County and school officials agree to a joint task force on the issue.
By BILL VARIAN, Times Staff Writer
Published October 12, 2005
TAMPA - Against a backdrop of growing rancor, top Hillsborough County and school officials agreed in principle Tuesday to create a joint task force to address crowded classrooms.
The tentative accord calls for the creation of a 15-member task force that would suggest ways to deal with exploding growth. The group would include representatives of the commission and school board, the county's three cities, a planner, parents, and construction and business interests.
Participants in Tuesday's discussion said they expect the group to finish its work by the end of the year. That would leave enough time to craft a possible referendum in 2006 seeking public support for a school construction spending plan that could include sales tax and impact fee increases.
"I think the effort will result in positive solutions," said school superintendent MaryEllen Elia.
Tuesday's hastily called meeting included Elia, County Administrator Pat Bean, Hillsborough County Commissioner Ronda Storms and one of her aides, and took place in Bean's office at the County Center. Last week, Storms blasted School Board members and the district's past administration for failing to show leadership on the school crowding issue.
Storms proposed and won support for a task force to address the issue. During the meeting, she could be heard reiterating the same concerns she voiced last week: That School Board members are failing to address crowding, are assigning blame to the county and are attacking her.
After more than an hour of sometimes heated exchanges, Elia and Storms emerged and exchanged kisses on the cheek.
Storms then distributed a letter that asks the School Board to support letting the county refuse development proposals where schools are over capacity, or to form a plan for at least considering school space when reviewing rezoning proposals.
The back and forth between the two boards comes as the school district wrestles with a projected $364-million shortfall for new classroom construction over the next five years.
Elia said the task force will analyze ways to create additional school space, how to pay for it and how better to time school construction with new residential development.
Storms, meanwhile, said she will not serve as the County Commission's task force representative to avoid appearances that she is using the issue for political reasons.
At a School Board meeting Tuesday night, board members took several steps to raise public awareness about their concerns over growth.
They created a position: manager of growth management. That person, who will earn $77,468 annually, will coordinate growth-related activities and serve as the liaison with local governments. Applications for the job are due by Friday.
Hillsborough is among six Florida school districts serving as a testing ground for the state's school concurrency law, approved by lawmakers earlier this year. The law could give local governments the ability to deny developments where schools are too full.

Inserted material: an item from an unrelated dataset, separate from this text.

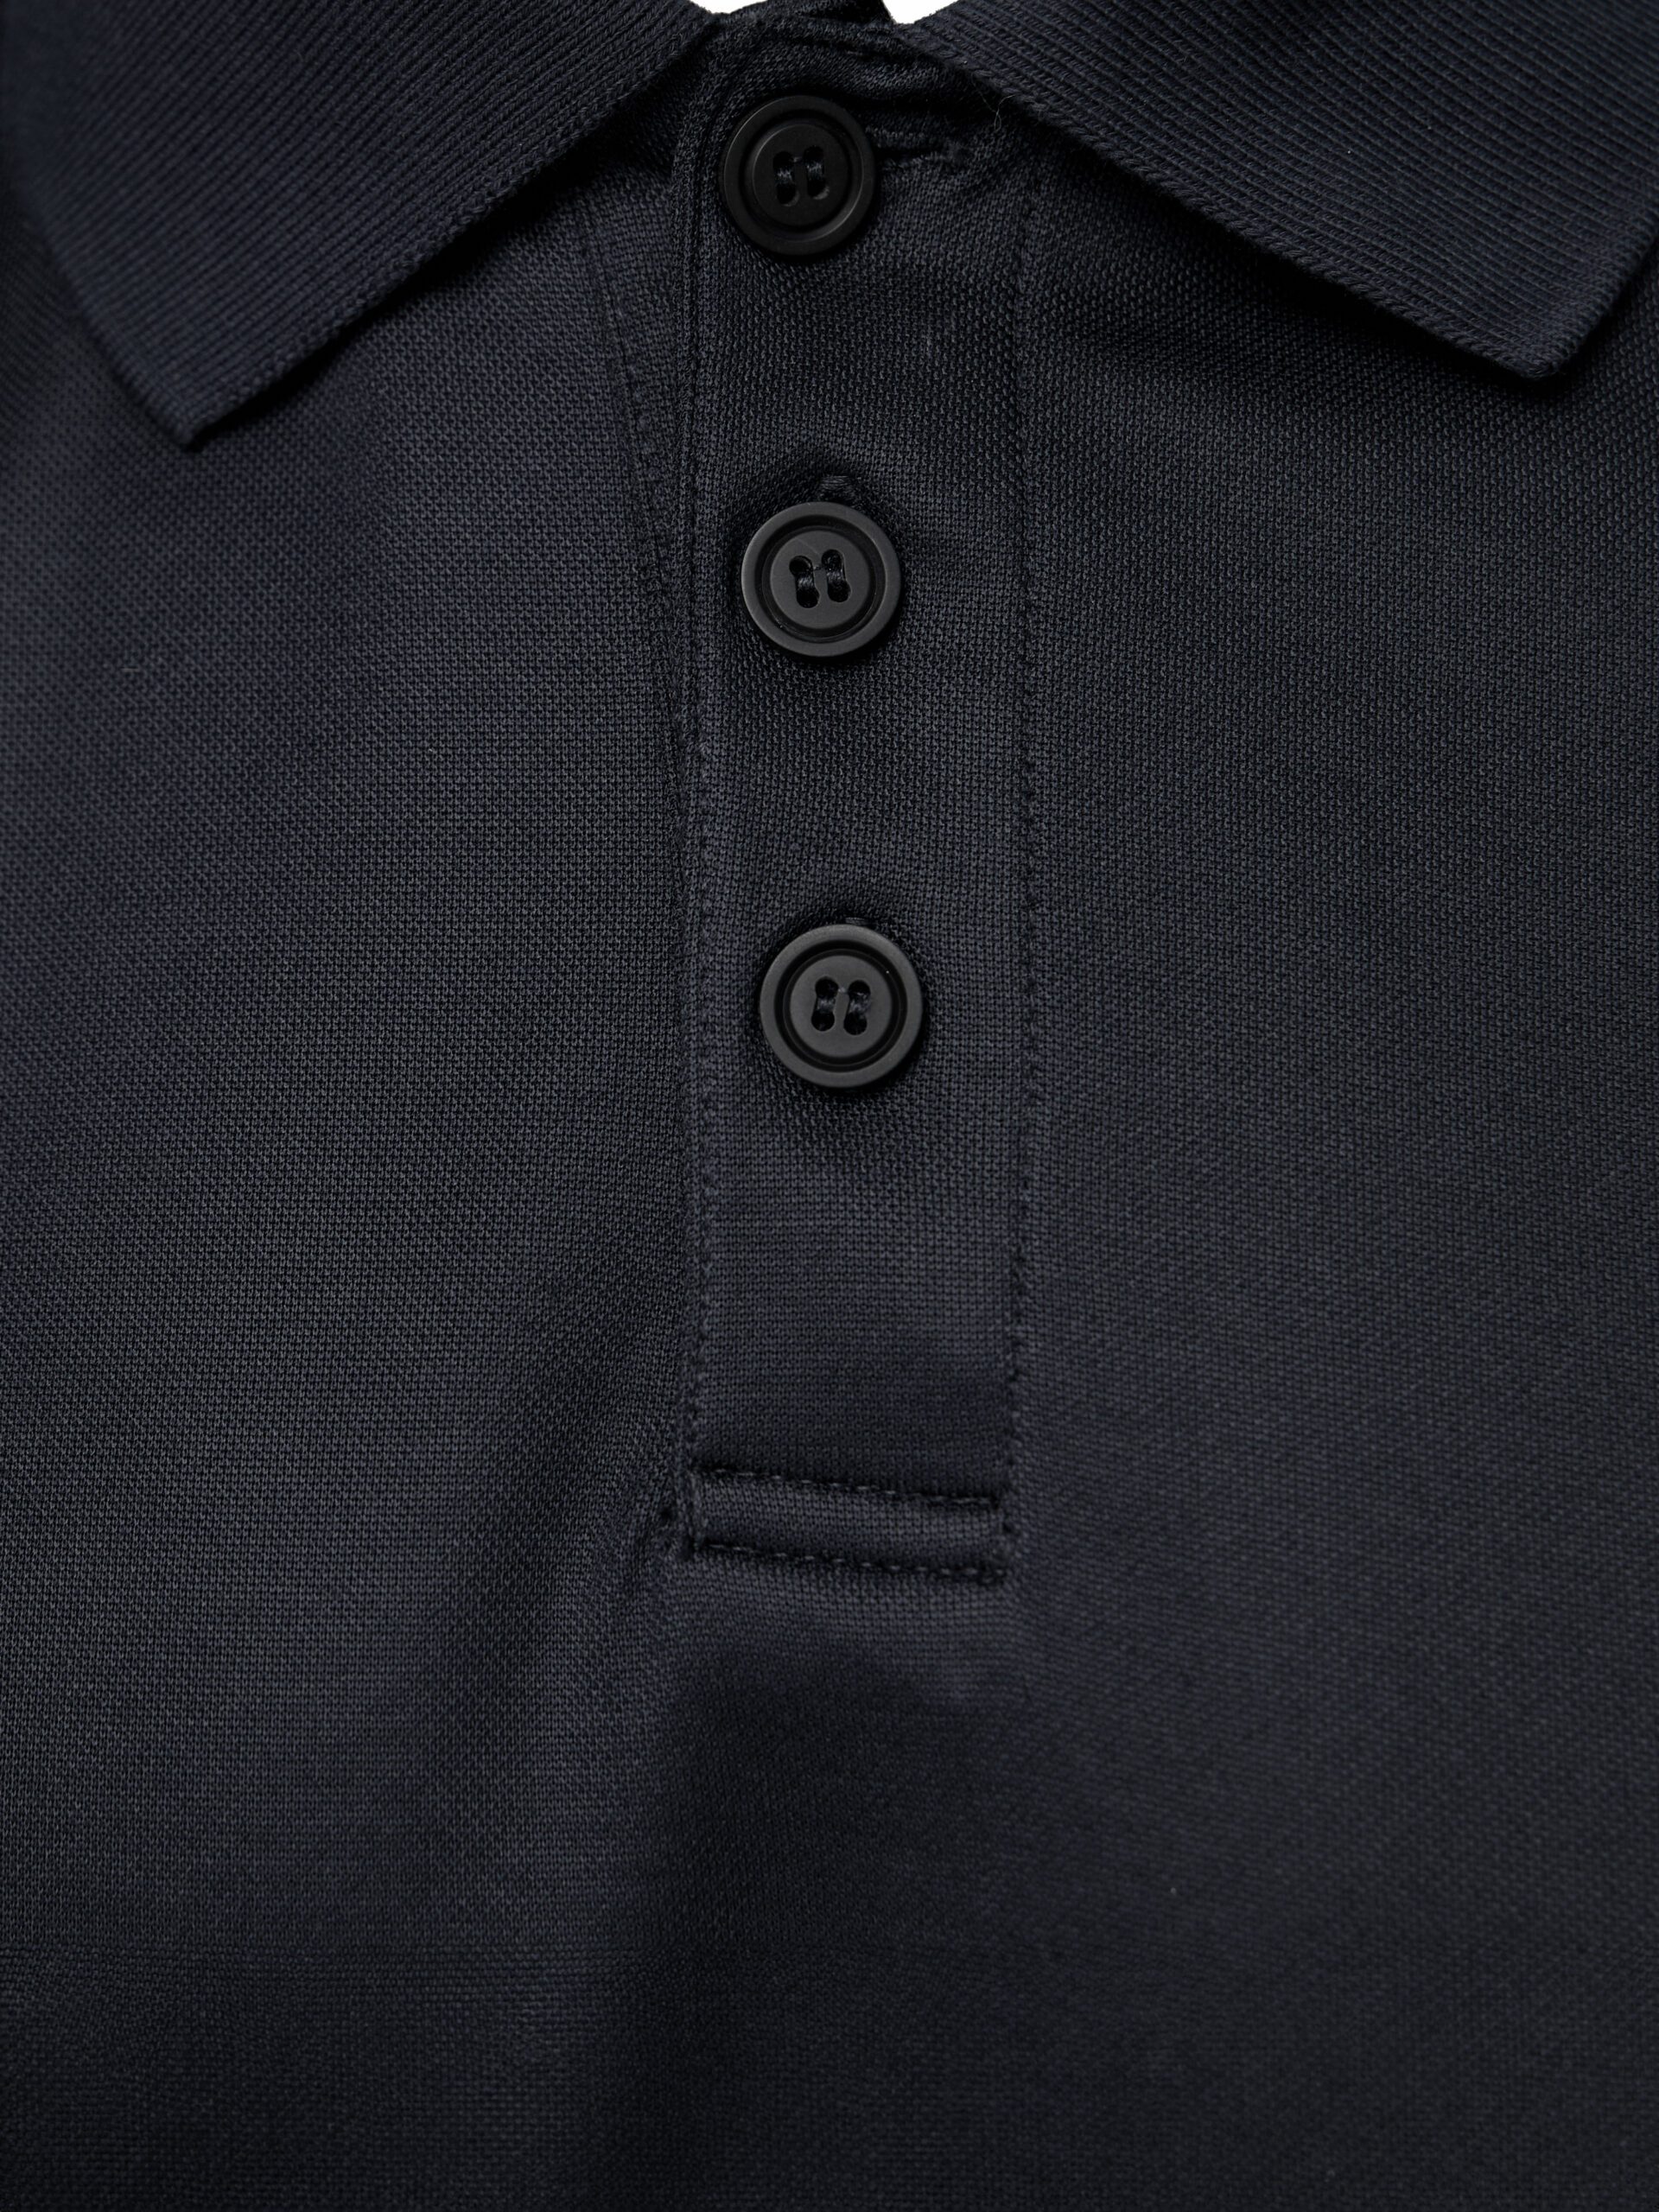 PUMA Workwear Essentials Men's Polo Shirt | PUMA Workwear

School Board Chairwoman Candy Olson asked that a letter be mailed to commissioners making them aware of routine audits of the school district's financial practices since some of them said they want to make sure the district has been properly spending taxpayer dollars.
She said the letter also will make a more explicit request for a discussion about a year-old study recommending higher developer impact fees that could raise money for school construction.
Last week, Olson wrote County Commission Chairman Jim Norman and called Hillsborough's $196 impact fee "inordinately low." An increase, she said, is "justifiable."
"Apparently," Olson said Tuesday, "our first letter to commissioners wasn't specific enough."